*Exercise requirements*
The data below is to be set down exactly.

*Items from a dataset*

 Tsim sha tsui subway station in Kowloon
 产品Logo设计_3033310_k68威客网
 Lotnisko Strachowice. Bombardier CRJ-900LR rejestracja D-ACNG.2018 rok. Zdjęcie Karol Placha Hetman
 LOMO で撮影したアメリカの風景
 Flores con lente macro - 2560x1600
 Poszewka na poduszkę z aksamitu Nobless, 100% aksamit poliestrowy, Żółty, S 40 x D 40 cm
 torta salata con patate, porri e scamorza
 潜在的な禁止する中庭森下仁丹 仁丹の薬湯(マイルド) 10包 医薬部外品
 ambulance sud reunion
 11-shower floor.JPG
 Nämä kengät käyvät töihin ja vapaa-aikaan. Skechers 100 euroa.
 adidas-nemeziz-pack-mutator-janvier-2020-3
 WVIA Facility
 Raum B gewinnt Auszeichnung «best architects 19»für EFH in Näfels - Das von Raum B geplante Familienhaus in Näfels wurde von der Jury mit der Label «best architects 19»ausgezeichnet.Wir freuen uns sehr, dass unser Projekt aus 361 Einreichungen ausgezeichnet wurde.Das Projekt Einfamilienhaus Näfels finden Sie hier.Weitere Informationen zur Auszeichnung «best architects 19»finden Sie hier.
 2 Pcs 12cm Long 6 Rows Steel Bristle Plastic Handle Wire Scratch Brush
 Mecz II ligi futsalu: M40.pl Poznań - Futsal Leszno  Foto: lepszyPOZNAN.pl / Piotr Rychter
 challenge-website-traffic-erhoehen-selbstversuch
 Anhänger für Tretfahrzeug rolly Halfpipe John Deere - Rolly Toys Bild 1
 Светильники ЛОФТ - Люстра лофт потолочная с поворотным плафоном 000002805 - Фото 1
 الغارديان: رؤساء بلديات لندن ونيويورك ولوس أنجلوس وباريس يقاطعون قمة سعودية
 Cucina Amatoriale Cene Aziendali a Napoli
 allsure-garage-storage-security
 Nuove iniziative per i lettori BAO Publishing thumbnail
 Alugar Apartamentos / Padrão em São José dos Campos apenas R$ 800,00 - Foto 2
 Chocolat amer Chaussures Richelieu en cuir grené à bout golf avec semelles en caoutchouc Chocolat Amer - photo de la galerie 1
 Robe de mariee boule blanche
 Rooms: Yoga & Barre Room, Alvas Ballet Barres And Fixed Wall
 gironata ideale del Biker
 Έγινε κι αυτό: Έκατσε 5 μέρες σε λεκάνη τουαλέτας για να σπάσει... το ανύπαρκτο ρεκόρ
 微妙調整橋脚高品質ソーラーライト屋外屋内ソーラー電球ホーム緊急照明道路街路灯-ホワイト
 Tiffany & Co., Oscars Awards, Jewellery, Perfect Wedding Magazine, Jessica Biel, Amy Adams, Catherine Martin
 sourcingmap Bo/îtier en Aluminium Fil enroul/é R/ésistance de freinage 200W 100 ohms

*Result*
 Tsim sha tsui subway station in Kowloon
 产品Logo设计_3033310_k68威客网
 Lotnisko Strachowice. Bombardier CRJ-900LR rejestracja D-ACNG.2018 rok. Zdjęcie Karol Placha Hetman
 LOMO で撮影したアメリカの風景
 Flores con lente macro - 2560x1600
 Poszewka na poduszkę z aksamitu Nobless, 100% aksamit poliestrowy, Żółty, S 40 x D 40 cm
 torta salata con patate, porri e scamorza
 潜在的な禁止する中庭森下仁丹 仁丹の薬湯(マイルド) 10包 医薬部外品
 ambulance sud reunion
 11-shower floor.JPG
 Nämä kengät käyvät töihin ja vapaa-aikaan. Skechers 100 euroa.
 adidas-nemeziz-pack-mutator-janvier-2020-3
 WVIA Facility
 Raum B gewinnt Auszeichnung «best architects 19»für EFH in Näfels - Das von Raum B geplante Familienhaus in Näfels wurde von der Jury mit der Label «best architects 19»ausgezeichnet.Wir freuen uns sehr, dass unser Projekt aus 361 Einreichungen ausgezeichnet wurde.Das Projekt Einfamilienhaus Näfels finden Sie hier.Weitere Informationen zur Auszeichnung «best architects 19»finden Sie hier.
 2 Pcs 12cm Long 6 Rows Steel Bristle Plastic Handle Wire Scratch Brush
 Mecz II ligi futsalu: M40.pl Poznań - Futsal Leszno  Foto: lepszyPOZNAN.pl / Piotr Rychter
 challenge-website-traffic-erhoehen-selbstversuch
 Anhänger für Tretfahrzeug rolly Halfpipe John Deere - Rolly Toys Bild 1
 Светильники ЛОФТ - Люстра лофт потолочная с поворотным плафоном 000002805 - Фото 1
 الغارديان: رؤساء بلديات لندن ونيويورك ولوس أنجلوس وباريس يقاطعون قمة سعودية
 Cucina Amatoriale Cene Aziendali a Napoli
 allsure-garage-storage-security
 Nuove iniziative per i lettori BAO Publishing thumbnail
 Alugar Apartamentos / Padrão em São José dos Campos apenas R$ 800,00 - Foto 2
 Chocolat amer Chaussures Richelieu en cuir grené à bout golf avec semelles en caoutchouc Chocolat Amer - photo de la galerie 1
 Robe de mariee boule blanche
 Rooms: Yoga & Barre Room, Alvas Ballet Barres And Fixed Wall
 gironata ideale del Biker
 Έγινε κι αυτό: Έκατσε 5 μέρες σε λεκάνη τουαλέτας για να σπάσει... το ανύπαρκτο ρεκόρ
 微妙調整橋脚高品質ソーラーライト屋外屋内ソーラー電球ホーム緊急照明道路街路灯-ホワイト
 Tiffany & Co., Oscars Awards, Jewellery, Perfect Wedding Magazine, Jessica Biel, Amy Adams, Catherine Martin
 sourcingmap Bo/îtier en Aluminium Fil enroul/é R/ésistance de freinage 200W 100 ohms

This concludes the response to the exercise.